Working with Kepler confirmed my opinion that mapping tools can be useful when presenting, exploring, and analyzing data. Tools like Kepler have something to offer the observer or casual visitor to a site. They enable the creation of powerful visualizations that synthesize a large volume of information in an interface that is familiar to most people. We saw a great example of this in the Histories of the National Mall project. Researchers who are just getting started working with a collection of sources, will also find map visualizations very useful. A good example of this was Photogrammar, which offered a very flexible interface that allowed the user multiple points of entry into the collection. But more experienced researchers can also find use for these kind of tools.
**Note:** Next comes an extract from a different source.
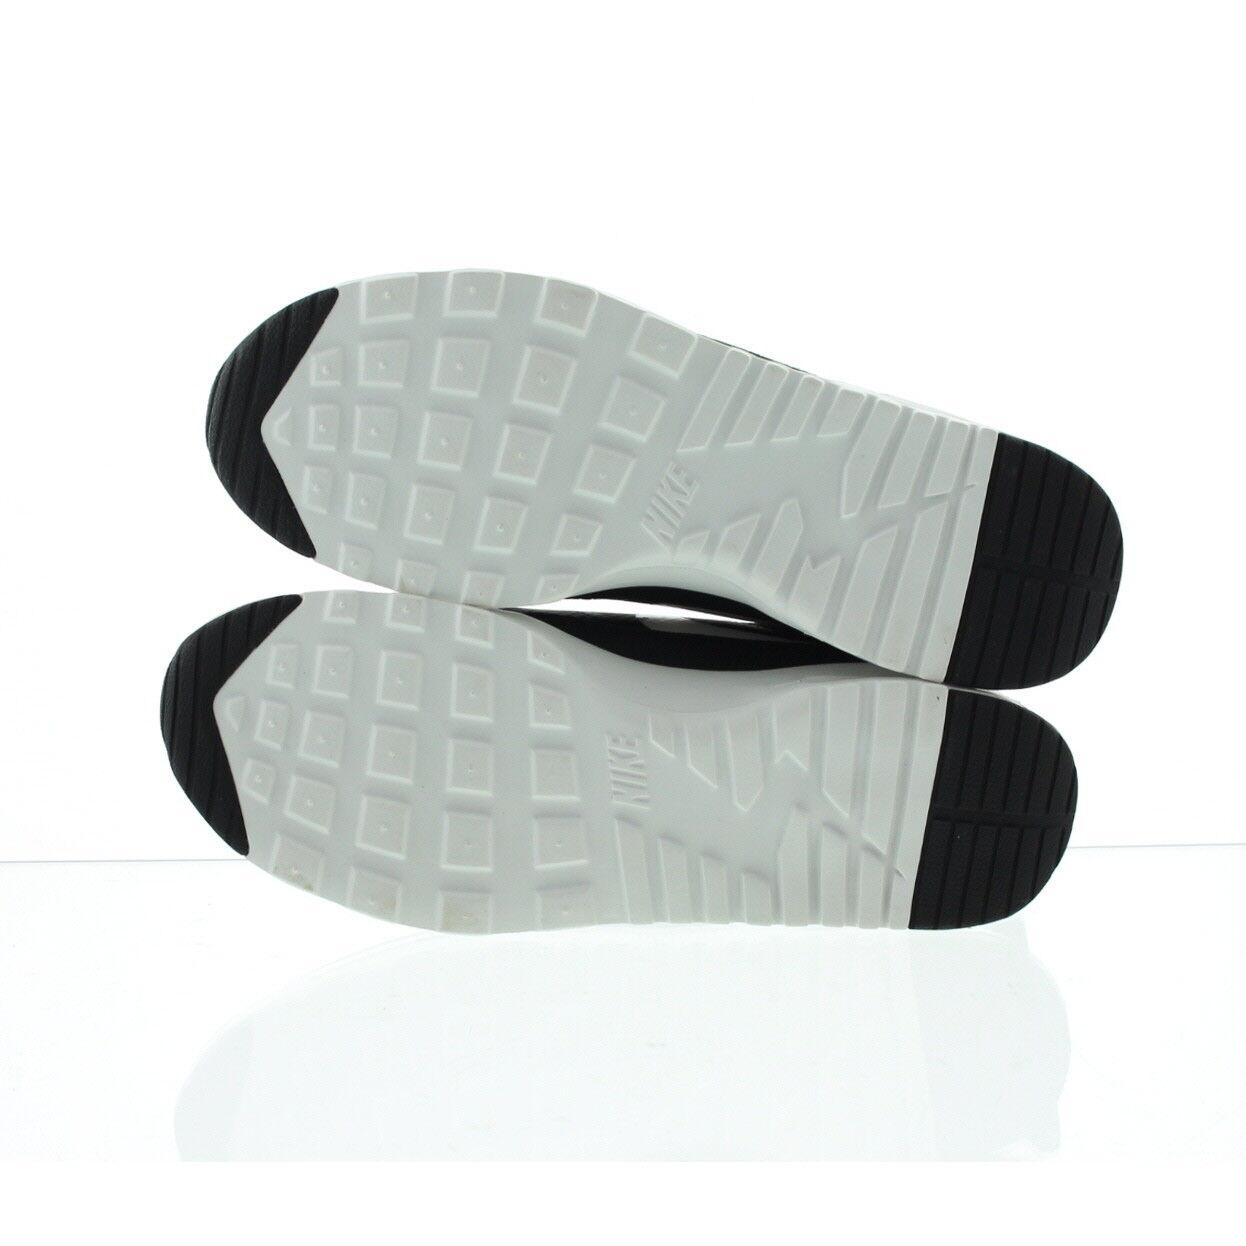 Nike air max 599409 donne thea finendo finendo finendo sopra scarpe da ginnastica. | La Qualità Del Prodotto  | Uomo/Donne Scarpa  2b92ca

Mapping the Gay Guides illustrates how a thoughtful preparation of the data that considers and accounts for changes in the sources themselves, allows researchers to identify and document patterns that would be more difficult to detect if one was just reading the original sources. Overall, these sources facilitate cross-referencing between different possible areas of analysis. Mapping tools are most useful when they can offer a diversity of entry points and the possibility to see how changes in space and time affect the ideas and experiences represented in the data.

Voyant and Text Mining

Working with Voyant was quite intimidating at first. In many ways, it confirmed the impressions I had formed from reading about other text mining projects, and about text mining in general.

Sources and Materials

Text mining allows scholars to works with large collections of text, what is technically called a corpus. By applying techniques of text mining to these collections, scholars can discern trends in the use of words and/or phrases. The advantage of using text mining techniques lies precisely in the amount of sources that can be “read” in a relatively short amount of time. For example, in the three projects examined during this module we saw that in the America’s Public Bible: A Commentary, (APBAC) the author looked at two major newspaper databases Chronicling America and Nineteenth Century U.S. Newspapers. Between these, the project used more than 13 million pages. Robots reading Vogue (RRV) used every issue published by Vogue, around 400,000 pages, plus 2700 covers. Signs@40 used the archive of the journal Signs from 1975 to 2014. In all three cases, no single human being would be able to read the entire corpora used in these projects in a single life-time. 

However, not all large collections of text are equally useful or available for text mining. The use of computational methods for text mining requires that text collections are digitized using high quality techniques to minimize mistakes.  Furthermore, text collections also need to be in the public domain, or potential authors should acquire necessary permissions for text mining.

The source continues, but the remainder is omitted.